Yes the sense that I'm getting is to expect jack shit from it ppg-wise.

I'll have to assume there's some flavour aspect to using pumpkin in a beer otherwise it's pumpkin soup time.

Cheers & thanks.


----------



## DUANNE (27/4/13)

imo if you want a pumpkin beer leave the pumpkin out and just use the spices. in my experience no matter how much pumpkin you use the flavour doesn't come through in the finished product.


----------



## Nick JD (27/4/13)

If you want the flavour to come through, roast the living shit out of it. Slightly burn it.


----------



## lukiferj (27/4/13)

+1 for roasting/slightly burning the pumpkin. Otherwise you just end up with flavourless mush.


----------



## QldKev (27/4/13)

You can also leave it out of the mash, and add it to the boil. It helps produce a lot more flavor. Also caramelizing it in the oven is great. But I agree the spices make up a lot of this brew.


----------



## lukiferj (27/4/13)

QldKev said:


> You can also leave it out of the mash, and add it to the boil. It helps produce a lot more flavor.

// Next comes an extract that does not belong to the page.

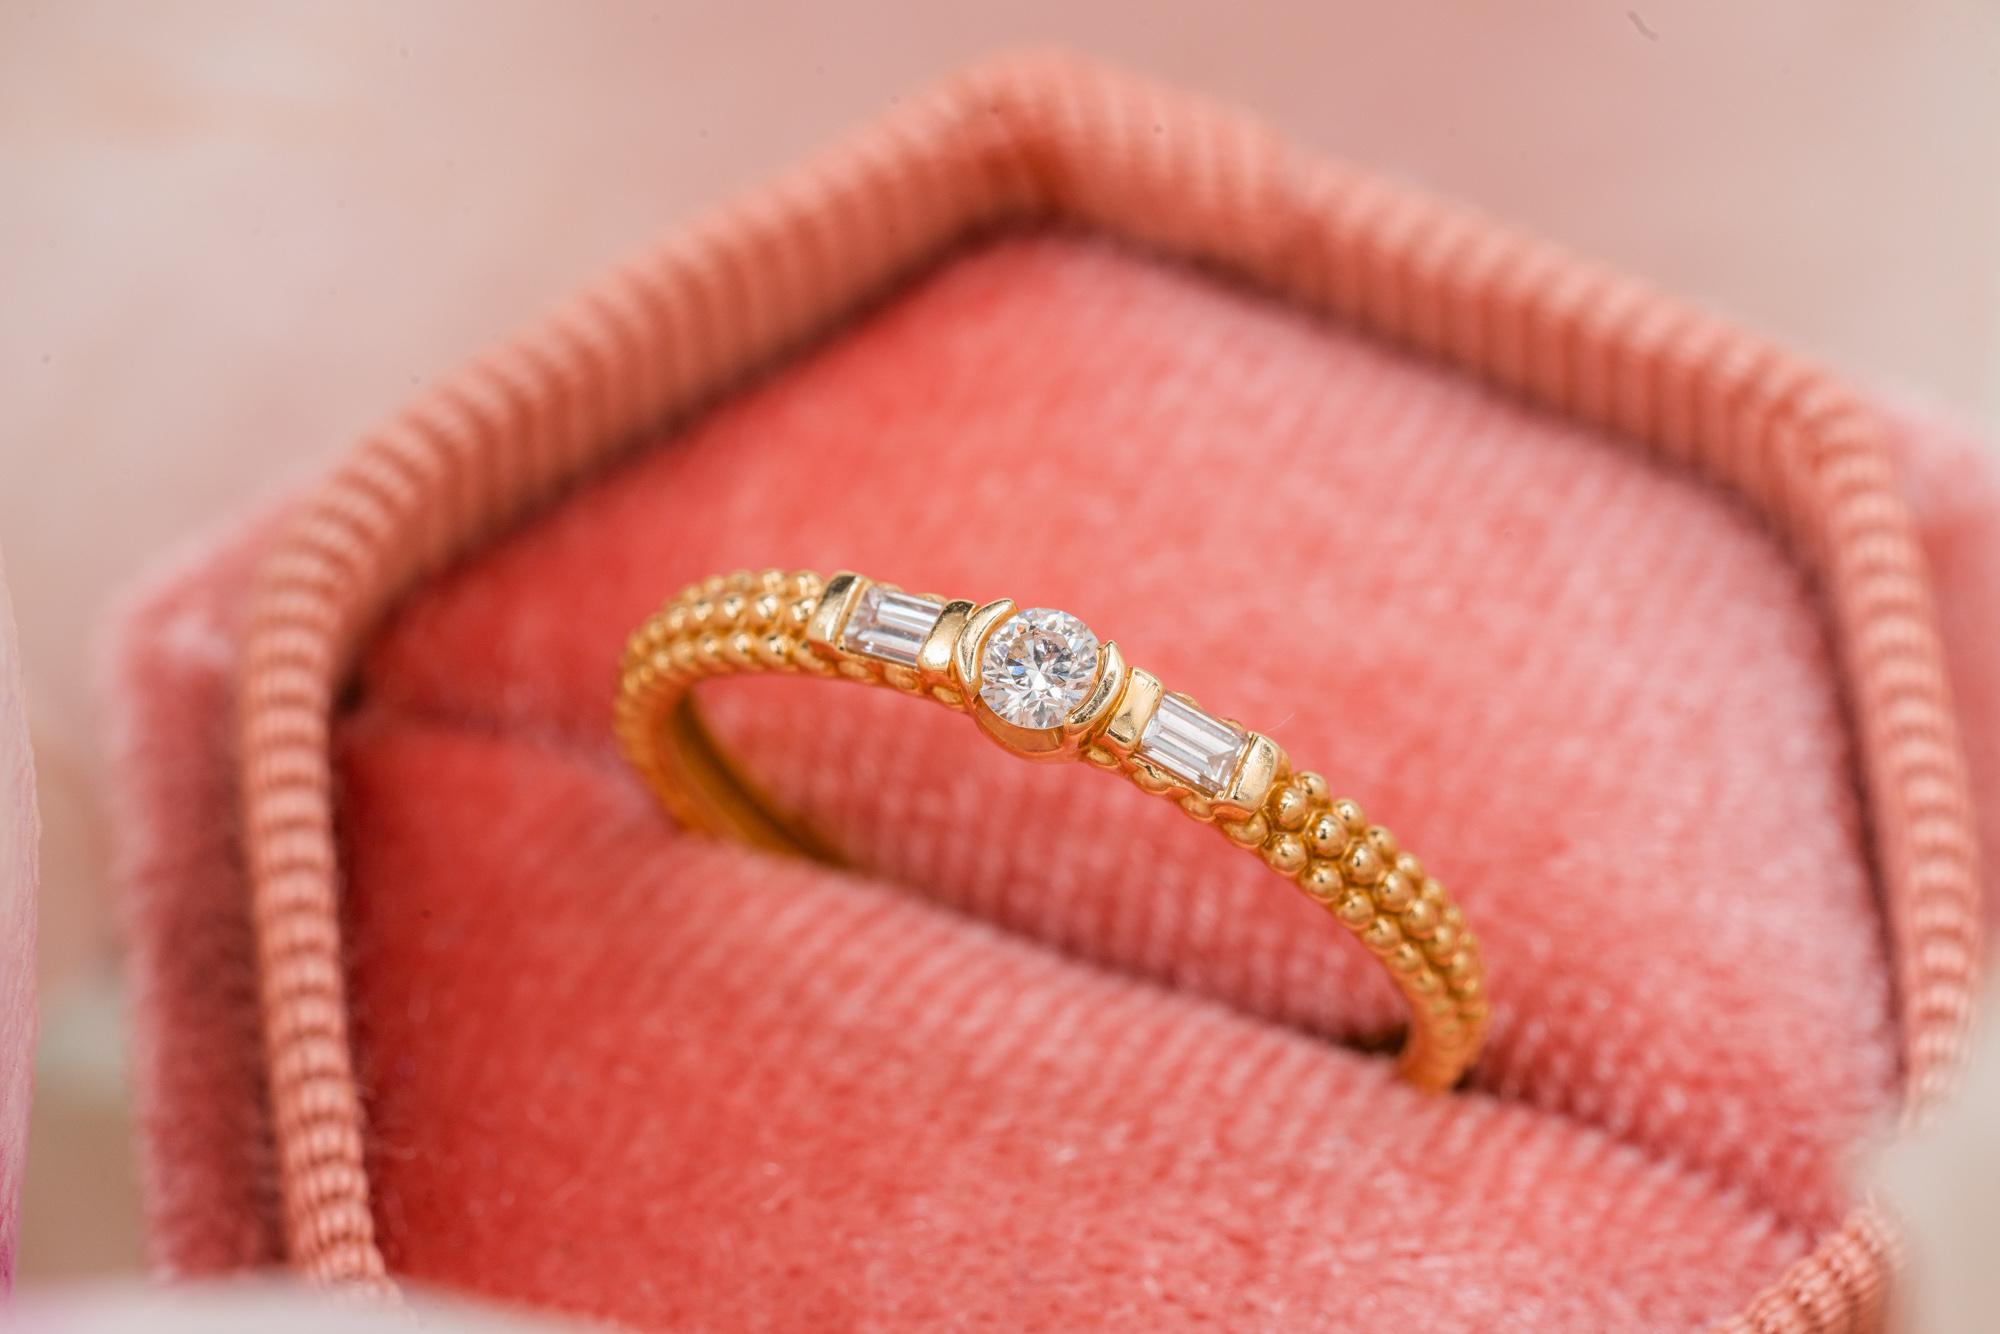 Such a classy and elegant three stone designer ring with sparkly diamonds and a bullet-work shank. This beautiful ring is made of solid 18kt gold and is produced by a famous French brand Maboussin.

The central stone is a delicate extremely clear

This is what I have done in the past.


----------



## mondestrunken (27/4/13)

OK thanks guys.

I'm thinking WTF is the point of it if you don't get any fermentable sugars and/or flavour?

I might reconsider this one. There's plenty of other things to brew...


----------



## Nick JD (27/4/13)

Rockmelon makes a better pumpkin beer than pumpkin.


----------